I myself have nothing against digital,...as a matter of fact, I own a few digital pieces of gear. I just prefer to use tape.
Yyyyep. Me too.
Yamaha 01X
Yamaha i88x
Presonus Digimax FS
Cubase 4
Tascam 224
The "digital age" is the latest step in a de-evolution of the recording and reproduction in the world of music. Early analog recording mediums lacked fidelity, subjectively speaking...wire, wax, direct-to-disc (not the digital kind) and early pre-AC bias analog tape...yes they all have a
wonderful nostalgic quality, but still no match for sitting in front of the live performance.
When tape and machines had improved and multitracking conventions hadn't taken hold and ensembles recorded live together and channel counts were small and track counts were even smaller...THOSE conventions coupled with the tape medium produced some of the very best music. This is personal taste, period. I don't care if anybody else agrees with me though I know there are plenty who do. Multitracking has changed the way music is produced. It has opened the door to new sounds and ideas. I'm certainly not against these things and the majority of my favorite music was produced through contemporary multitracking conventions, but there is a dramatic shift in the product when you go from live ensemble through single-digit channel counts to 1, 2 or 3 tracks vs 56 x 24 mixers bussing to "unlimited" tracks.
Above I referred to the "de-evolution" of recording and reproduction, and I feel that de-evolution started with multitracking. That changed so many aspects of the recording process to the point that a drumkit was being recorded one drum at a time to maximize track isolation. And has been mentioned a number of times over many threads in the past and in this thread as well, data-compressed digital audio just...sucks. But by in large people just don't hear the "sucky" anymore and sucky is the new "good" and that's all part of the more-more-more drive. By the advent of the digital age the market push for manufacturers of analog tape machines was to produce machines that were lowest noise, lowest distortion, flatest response "as good as digital"..."Transparent"...well as I said before the crown jewel of analog tape is imperfection. Its a mess what the tape is doing to the signal. A lovely non-linear complex mess and shame on us for ever trying to deny what tape is and does in the first place...and now the digital world is trying to emulate that mess.
So I see that era of better fidelity tape machines and equipment combined with limited tracks and live ensemble recording as the pinnacle and we've gone downhill from there in terms of the focal point of how to capture the music, because a huge part of the music is the
mess of an ensemble vibing off of each other and the mic bleed and the complex mess of sound bouncing around the room.
I believe that maximizing the art of capturing that mess in the best way possible is time well spent over tweaking 46 digital tracks with 15 different plugins...and yes some would say that's a "small" multitrack project.

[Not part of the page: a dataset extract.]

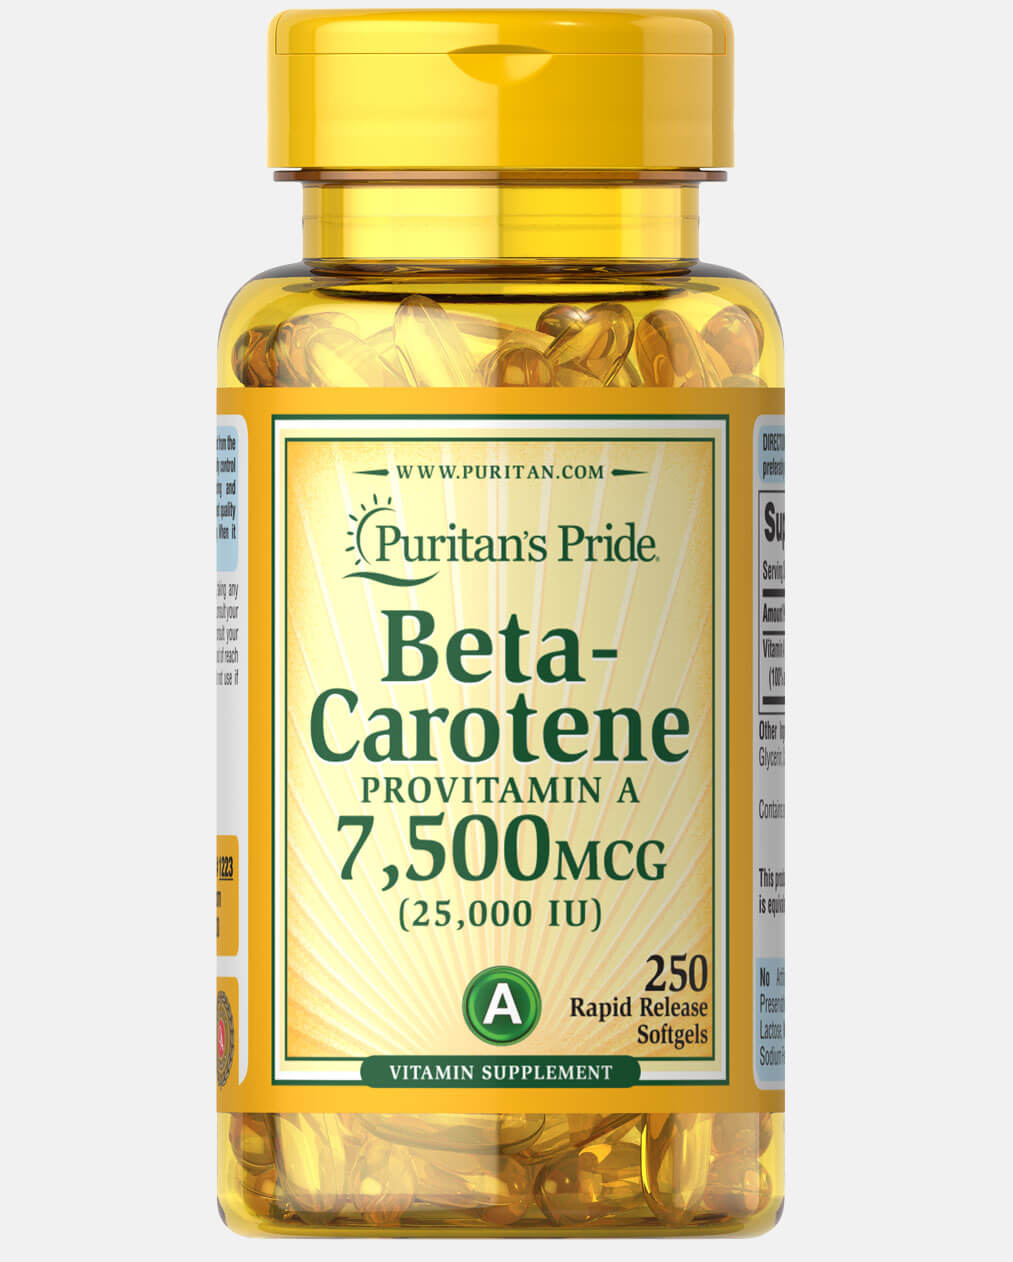 Beta-Carotene 25,000 IU

And yes I'm a big ol' hypocrite because
I love multitracking...its a hoot...it is the tool that allows me to be my own ensemble or to get a certain sound that I love from the 70's that
was defined by multitracking. And I've got a 2" 16-track machine, but make no mistake...that's as much about just having a big hurking tape machine...like the fun of driving a muscle-car...I don't really expect to use 16 tracks much when the Ampex MM-1000 is finally ready to operate as such...I just want to see 16 VU meter needles dancing around and to see 2" tape weaving its way through the tape path. And my other excuse is that my tape machine is a freaking dinosaur...the holdback tensions are totally different from beginning to end of the reel...no constant tension on that thing...I feel fortunate to have a tape counter on it as other Ampex machines from around that era didn't have anything...and its the kind of counter with gears and pinions and numbered wheels that go click-click-click...and oh is it a noisy machine...and smelly...and it sure ain't Energy Star compliant...and its got one heckuva head bump and response is diving by 18kHz...its lovingly kludgey and far from perfect. Ahhhhh, my tape machine.
And certainly I didn't always think/feel this way, but I'm glad to be waking up to these things the past few years.